Dataset items
━━━

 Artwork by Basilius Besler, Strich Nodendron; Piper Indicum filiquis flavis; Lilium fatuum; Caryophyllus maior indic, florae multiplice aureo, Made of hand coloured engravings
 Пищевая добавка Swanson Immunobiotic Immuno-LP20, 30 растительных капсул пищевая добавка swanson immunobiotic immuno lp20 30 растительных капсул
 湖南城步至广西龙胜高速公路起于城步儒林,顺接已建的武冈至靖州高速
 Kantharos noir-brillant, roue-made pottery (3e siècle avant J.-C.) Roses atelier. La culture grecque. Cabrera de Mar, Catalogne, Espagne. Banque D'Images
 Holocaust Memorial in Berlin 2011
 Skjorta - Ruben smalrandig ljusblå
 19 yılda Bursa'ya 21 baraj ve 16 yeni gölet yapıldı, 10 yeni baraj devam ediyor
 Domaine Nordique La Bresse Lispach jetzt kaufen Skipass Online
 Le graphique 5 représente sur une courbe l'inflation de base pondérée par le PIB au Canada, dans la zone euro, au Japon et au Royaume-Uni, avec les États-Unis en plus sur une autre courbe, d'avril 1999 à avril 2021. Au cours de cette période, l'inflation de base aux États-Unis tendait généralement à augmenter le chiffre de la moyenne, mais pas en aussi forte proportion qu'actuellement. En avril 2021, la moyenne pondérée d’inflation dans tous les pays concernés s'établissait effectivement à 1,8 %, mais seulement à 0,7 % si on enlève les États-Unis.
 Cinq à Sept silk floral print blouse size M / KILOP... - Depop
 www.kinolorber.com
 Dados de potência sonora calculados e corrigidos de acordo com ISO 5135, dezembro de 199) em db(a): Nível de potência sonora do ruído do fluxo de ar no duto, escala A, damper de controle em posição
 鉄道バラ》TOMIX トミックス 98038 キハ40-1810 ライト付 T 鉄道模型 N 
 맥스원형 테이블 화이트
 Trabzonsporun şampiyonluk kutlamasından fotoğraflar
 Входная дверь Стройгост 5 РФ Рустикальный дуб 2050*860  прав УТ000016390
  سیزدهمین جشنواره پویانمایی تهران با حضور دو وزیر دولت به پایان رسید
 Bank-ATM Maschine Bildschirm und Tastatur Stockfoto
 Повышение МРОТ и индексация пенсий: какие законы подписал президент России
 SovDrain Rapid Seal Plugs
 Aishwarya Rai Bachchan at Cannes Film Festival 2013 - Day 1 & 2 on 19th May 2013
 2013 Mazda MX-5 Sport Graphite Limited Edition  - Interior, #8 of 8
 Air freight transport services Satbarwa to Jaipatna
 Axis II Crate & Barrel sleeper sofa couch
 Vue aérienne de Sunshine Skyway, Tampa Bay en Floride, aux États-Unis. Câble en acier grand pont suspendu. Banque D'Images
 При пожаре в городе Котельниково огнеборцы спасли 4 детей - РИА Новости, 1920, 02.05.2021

━━━

Search the entries for the word "Images", then copy every line in which it is found.

Written reply:
 Kantharos noir-brillant, roue-made pottery (3e siècle avant J.-C.) Roses atelier. La culture grecque. Cabrera de Mar, Catalogne, Espagne. Banque D'Images
 Vue aérienne de Sunshine Skyway, Tampa Bay en Floride, aux États-Unis. Câble en acier grand pont suspendu. Banque D'Images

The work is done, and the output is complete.